What Innovation Actually Is
Before the lab, my understanding of innovation was shaped by consulting — strategic frameworks, competitive positioning, market analysis. Innovation was a concept discussed in meeting rooms and documented in presentations.
The lab taught me that innovation is a physical act. It’s cutting, printing, soldering, testing, breaking, and rebuilding. It’s the moment when the thing you imagined meets the material world and the material world pushes back. It’s the adjustment you make when the prototype doesn’t work — not the theory of why it should work, but the specific, pragmatic fix that makes it actually work.
Thinking in systems is important. But systems are built from components, and components are built from materials, and materials only reveal their properties when you work with them directly. The lab closed the gap between abstract systems thinking and concrete physical reality.

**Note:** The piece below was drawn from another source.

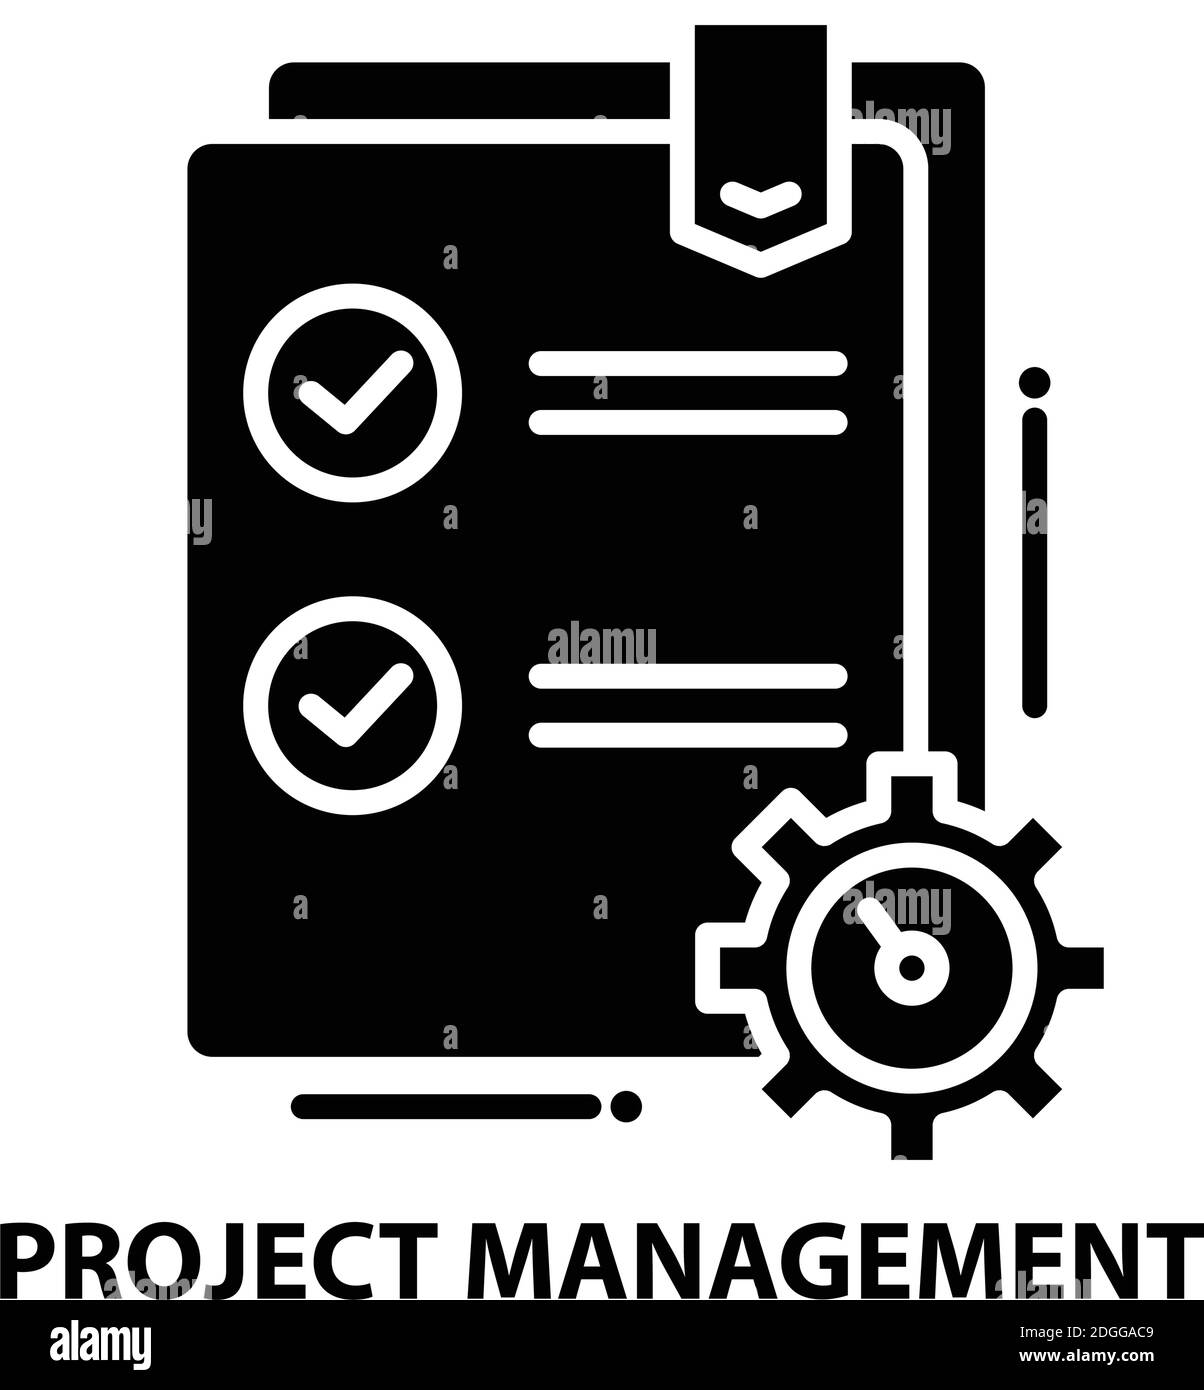 Projektmanagement-Symbol, schwarzes Vektorzeichen mit editierbaren Konturen, Konzeptdarstellung Stock Vektor

The 360 Innovation Lab closed its doors when COVID delivered the final blow — funding dried up, the San Francisco costs were untenable, and the company collapsed. I shifted focus to Vulpine and eventually Startup Burgenland. The space went back to being a ground-floor commercial unit with a low ceiling and a sticky front door. But the principles that emerged from it — proximity, speed, productive failure, community, and the physical nature of innovation — remain the foundation of everything I build.
Innovation doesn’t happen in a strategy session. It happens in a room where people build things, break things, and build them again.